Agents & Tools · intermediate
Hybrid Search (hybrid retrieval)
Hybrid search combines vector (semantic) and keyword (BM25) retrieval and fuses their results — usually via Reciprocal Rank Fusion — to get the best of both: semantic recall and exact-match precision.
Explanation
Pure vector search finds semantically similar passages but can miss exact keyword matches (acronyms, product names, error codes). Pure keyword search nails exact matches but misses paraphrases ("affordable laptop" ≠ "cheap notebook"). Hybrid runs both and fuses the rankings.
The dominant fusion method is Reciprocal Rank Fusion (RRF): for each document, sum 1/(k + rank) across the two retrievers (k typically 60); rank by the sum. Other approaches include weighted score combinations.
Hybrid retrieval is the default in production RAG. Most managed vector DBs (Weaviate, Qdrant, Pinecone, pgvector + tsvector) expose it directly.
Examples
- A code-search RAG: vector finds "the file that does X" semantically, BM25 finds files containing the exact function name; hybrid catches both.
- A support bot: hybrid handles both "how do I cancel my subscription?" (semantic) and "error ECONNREFUSED 5432" (exact).
When to use hybrid search
Almost any production RAG; the wins are essentially free once your vector DB supports it.
Frequently asked
What is Hybrid Search?
Hybrid search combines vector (semantic) and keyword (BM25) retrieval and fuses their results — usually via Reciprocal Rank Fusion — to get the best of both: semantic recall and exact-match precision.
What is an example of hybrid search?
A code-search RAG: vector finds "the file that does X" semantically, BM25 finds files containing the exact function name; hybrid catches both.
How is Hybrid Search related to Retrieval-Augmented Generation?

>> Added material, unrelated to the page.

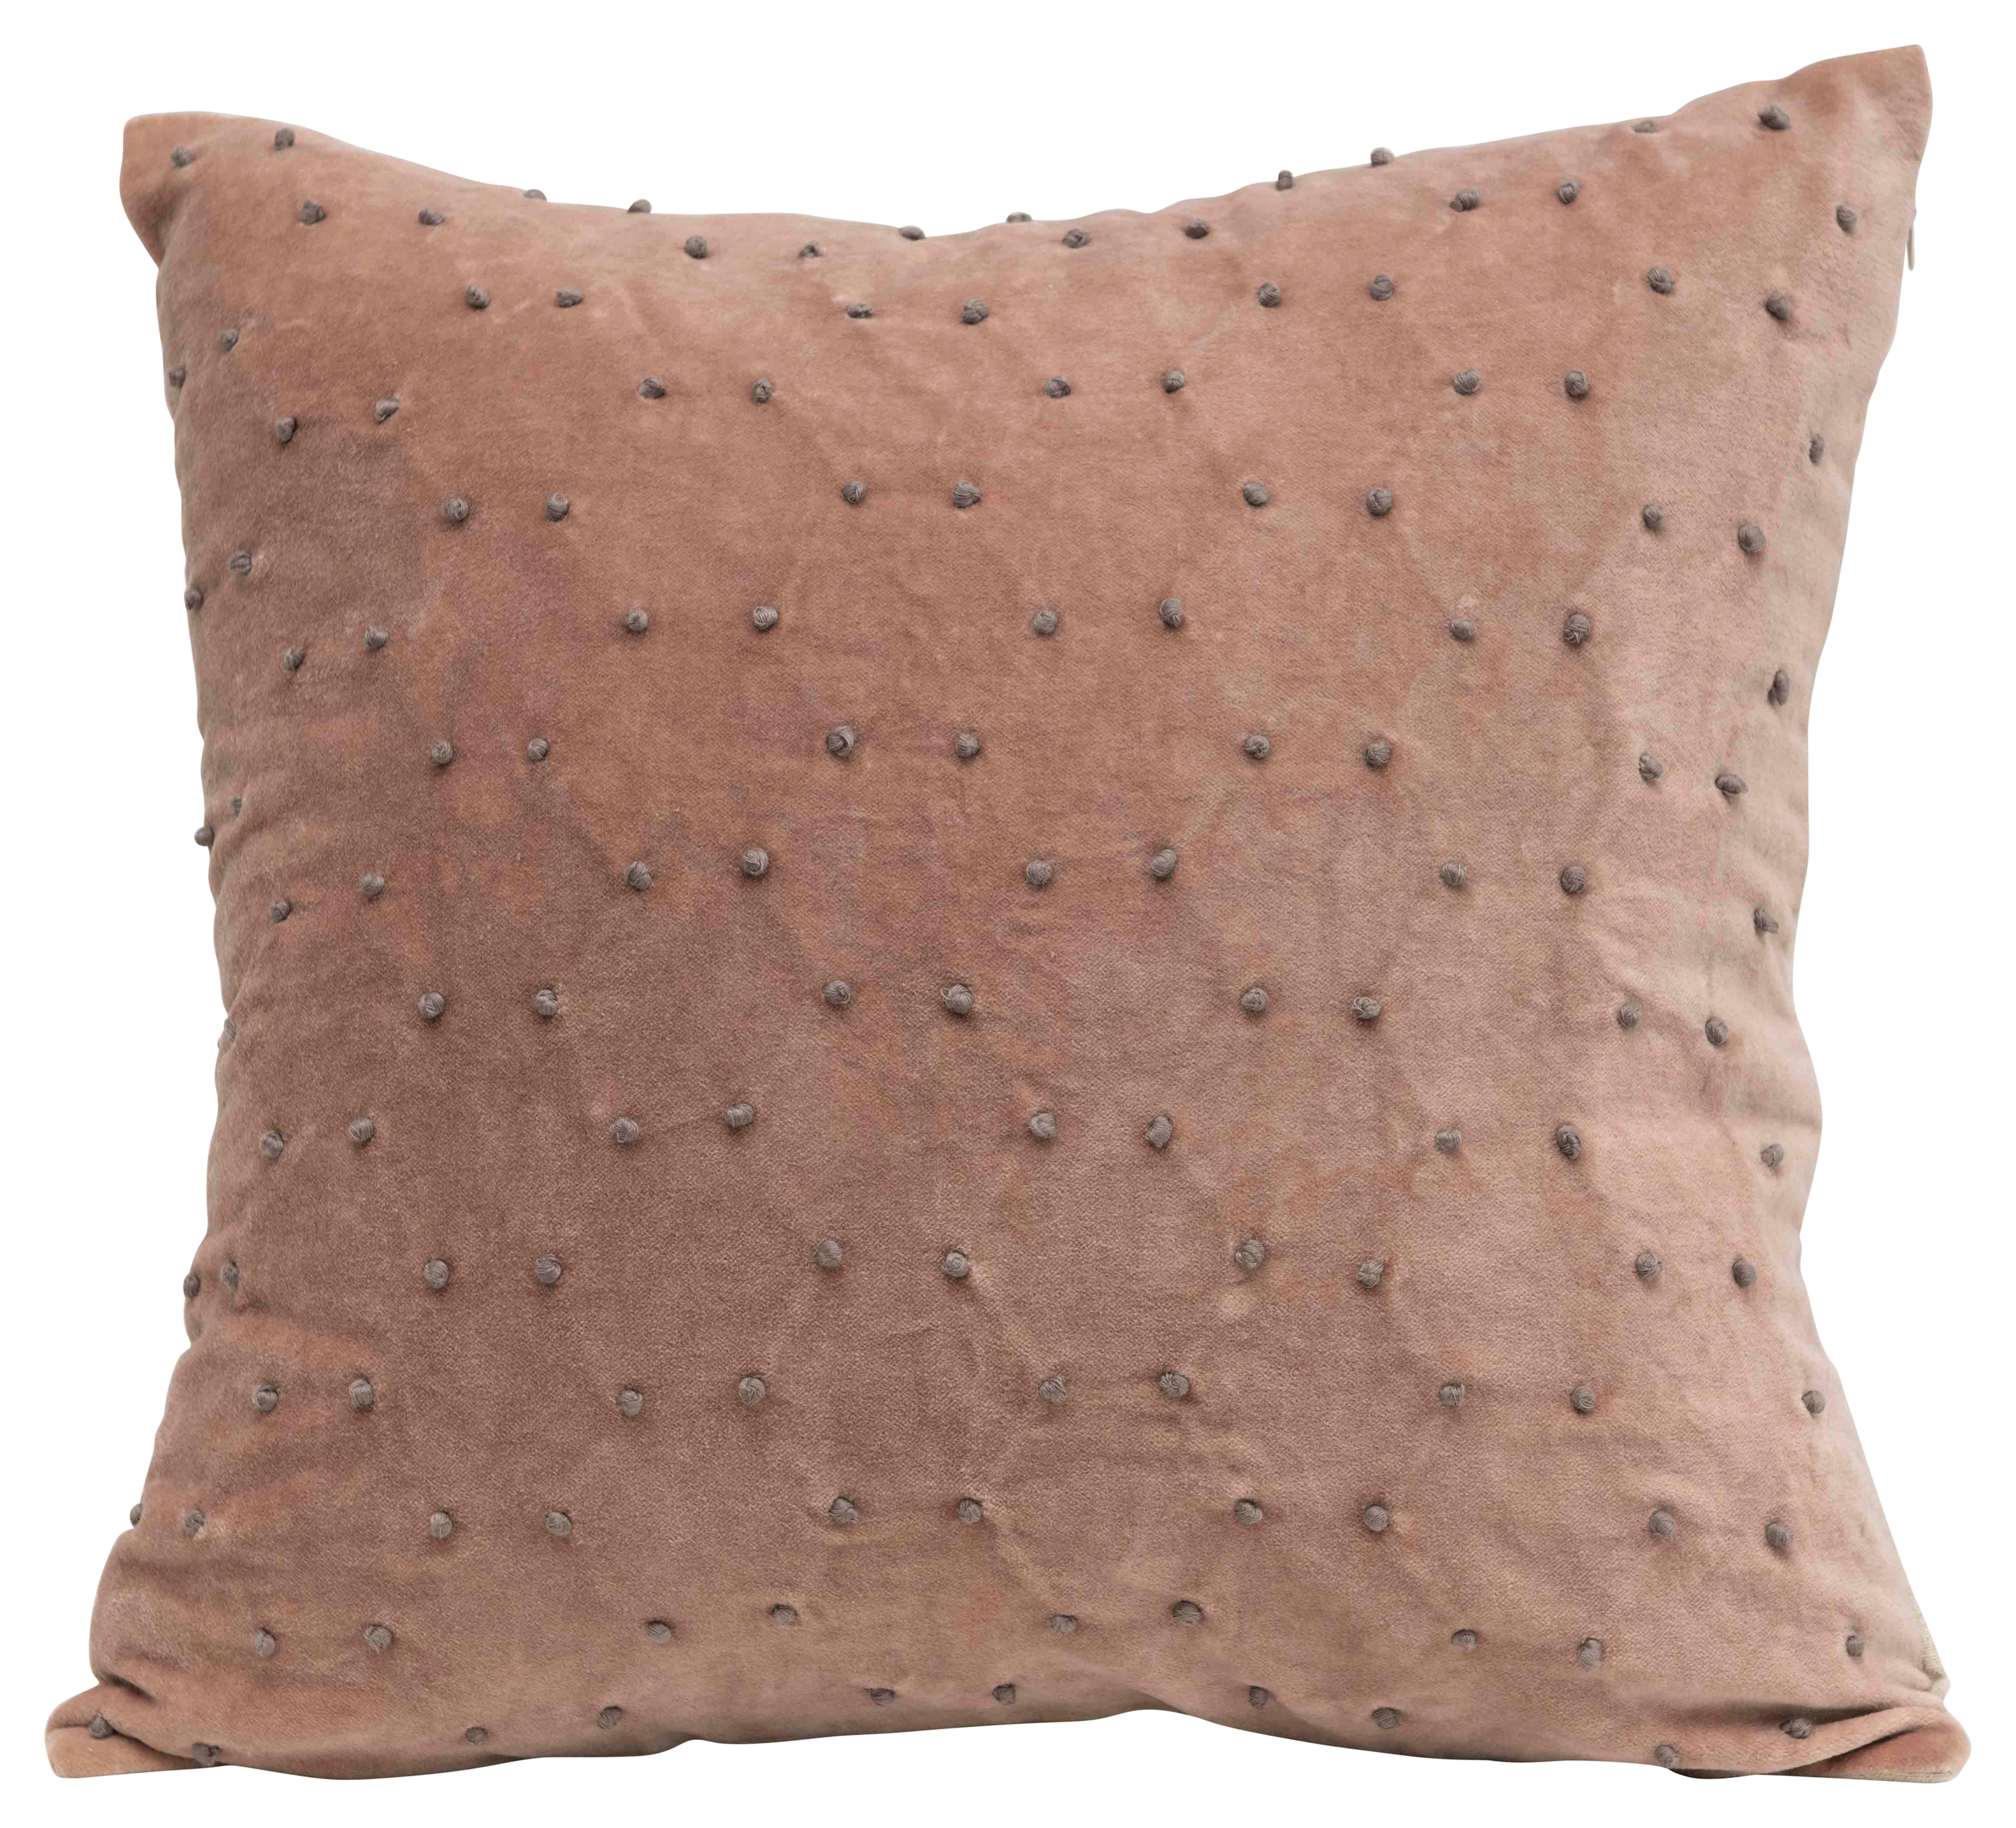 Reversible Square Polka Dot Cotton Velvet Pillow with Solid Back - Nomad Home

Hybrid Search and Retrieval-Augmented Generation are both agents & tools concepts. RAG retrieves relevant documents from a corpus at query time and includes them in the prompt, letting an LLM answer with up-to-date, source-cited, private information without retraining.
When should I use hybrid search?
Almost any production RAG; the wins are essentially free once your vector DB supports it.
Is Hybrid Search considered intermediate?
Hybrid Search is generally considered intermediate-level material in the AI and LLM space.